(To do): Each line from the one holding "Foto: Foto: Josivan Vieira - ASCOM/PMC" to the last line of the listing must be set down exactly. No pictures are to be included.

(Data segment):
*** Begin section ***
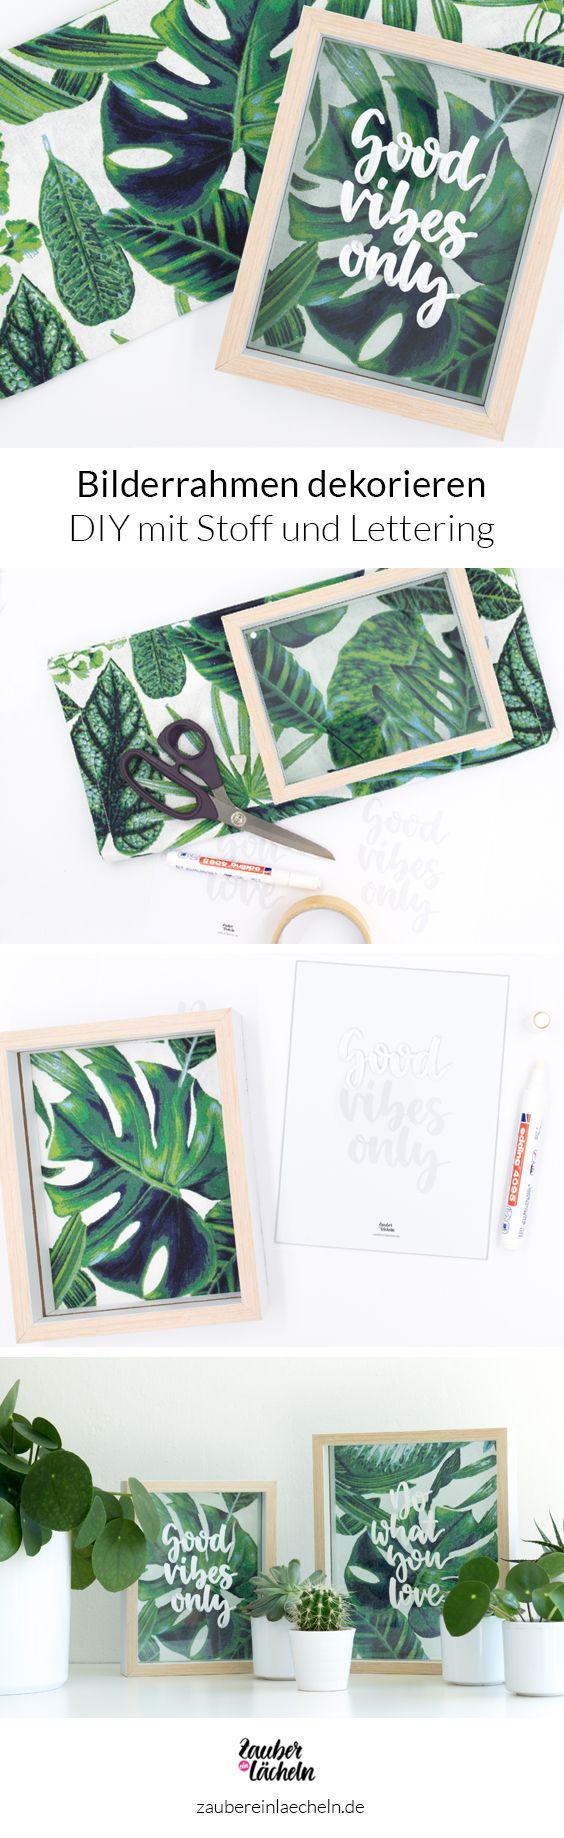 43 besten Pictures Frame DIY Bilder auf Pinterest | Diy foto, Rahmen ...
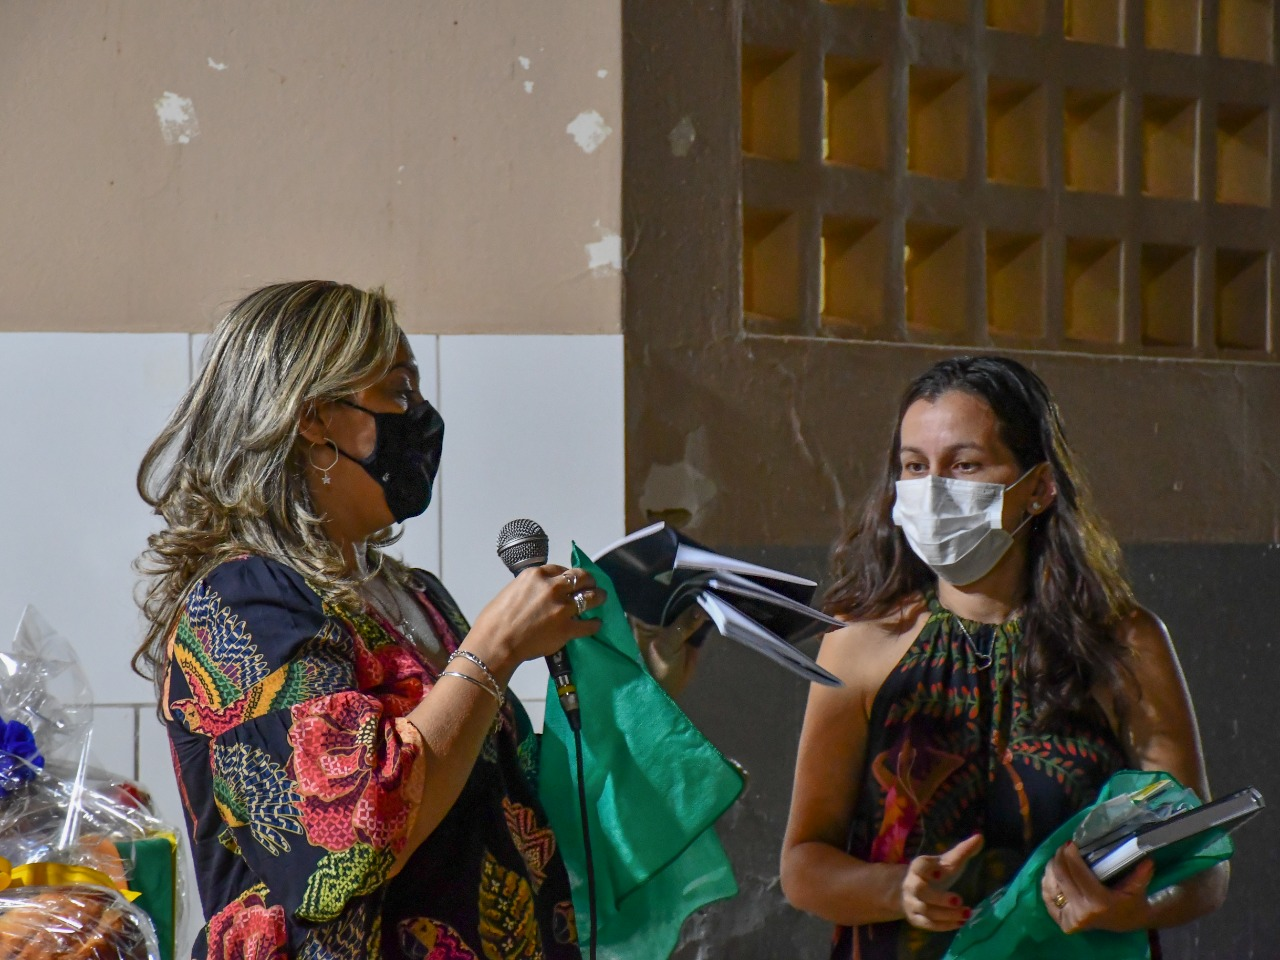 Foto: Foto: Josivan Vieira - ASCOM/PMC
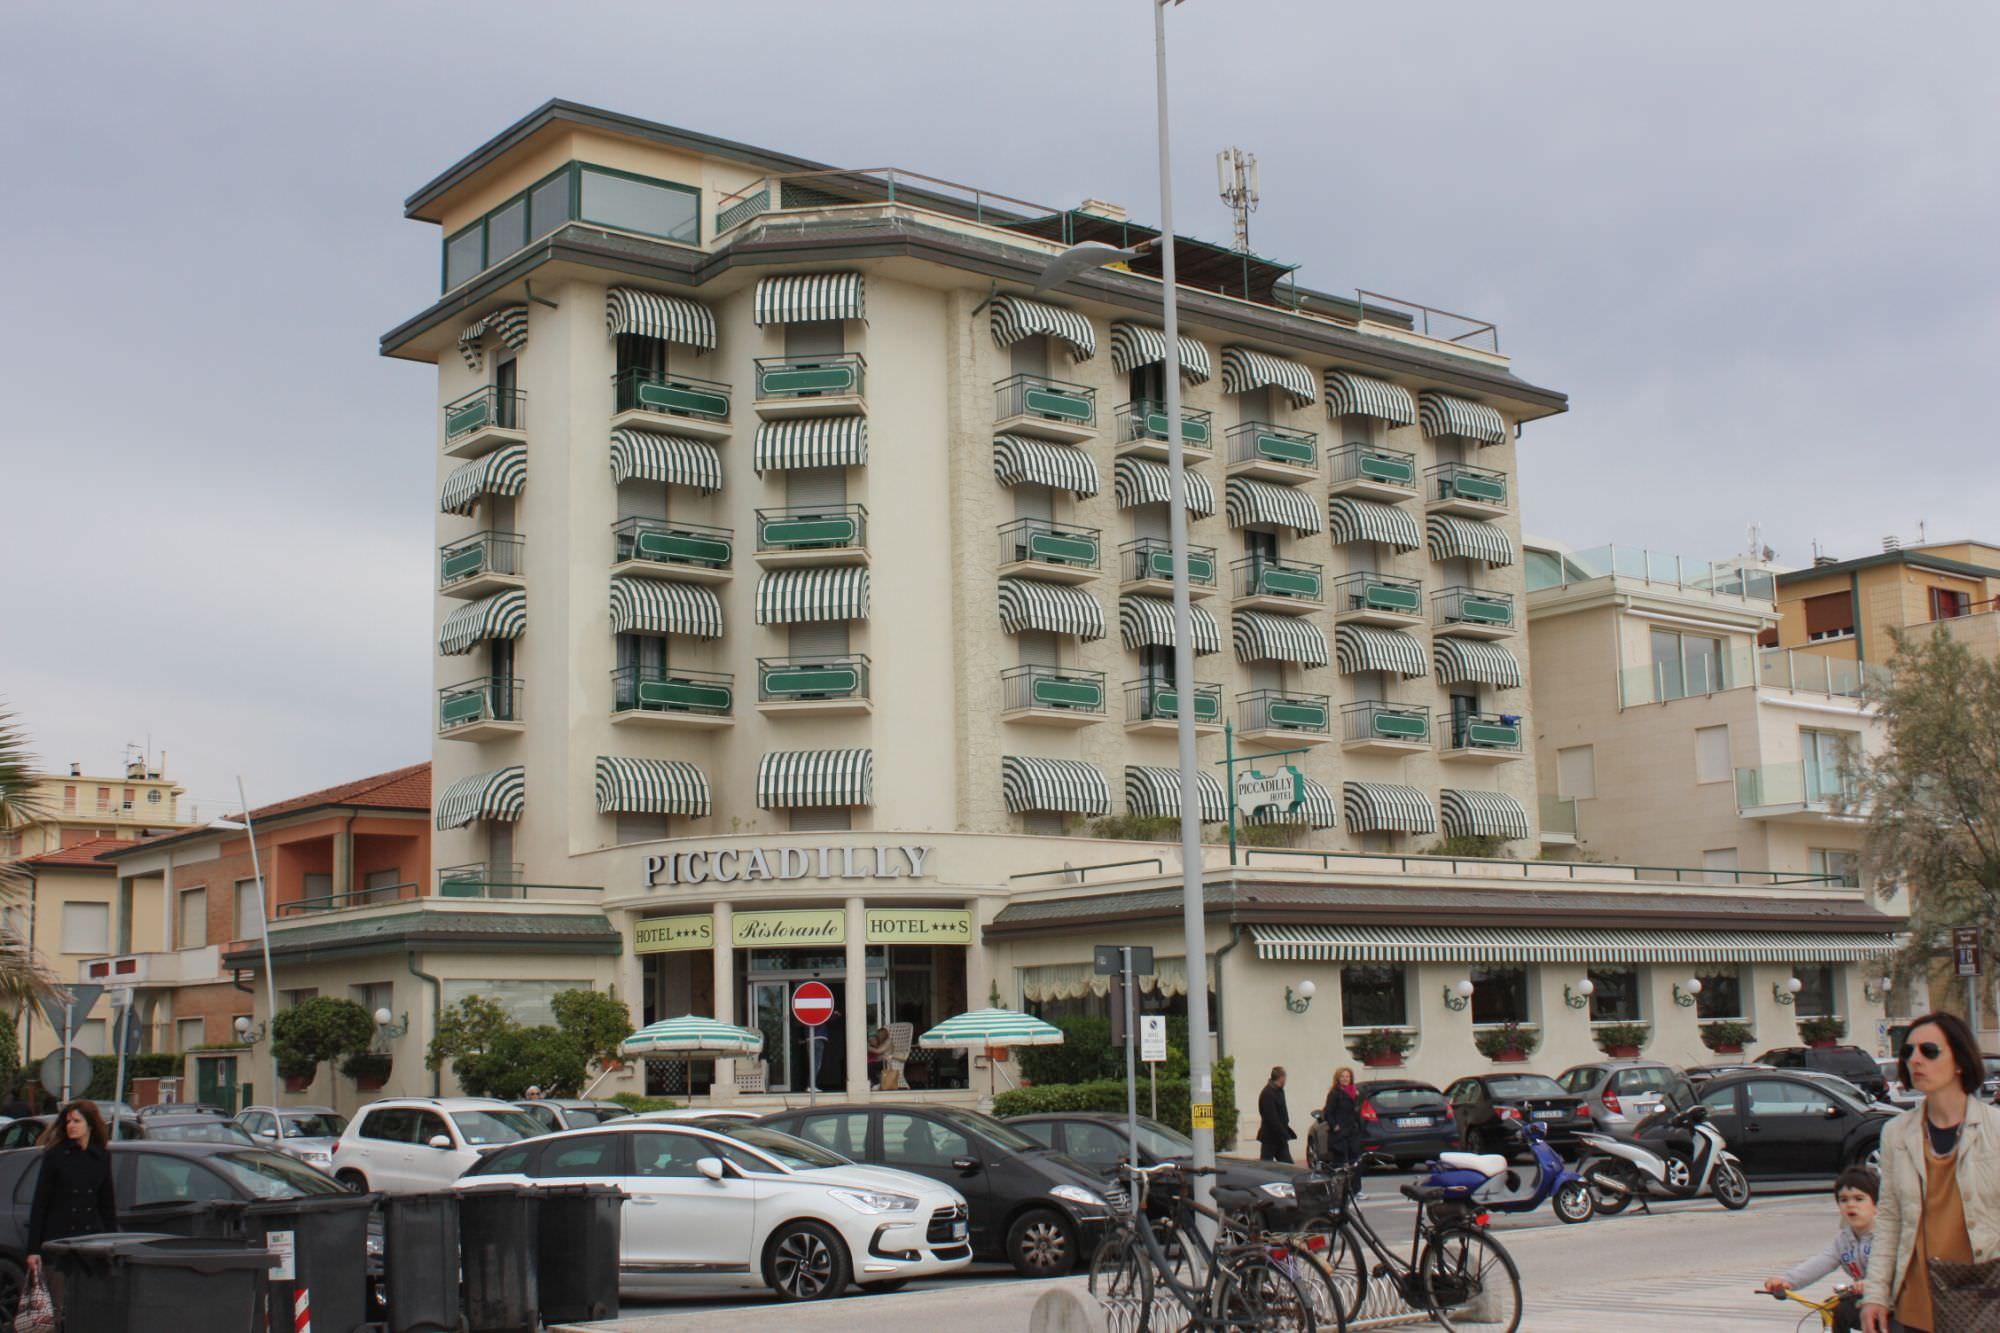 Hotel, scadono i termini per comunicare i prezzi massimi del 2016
*** End section ***
(Response area):
 Foto: Foto: Josivan Vieira - ASCOM/PMC
 Hotel, scadono i termini per comunicare i prezzi massimi del 2016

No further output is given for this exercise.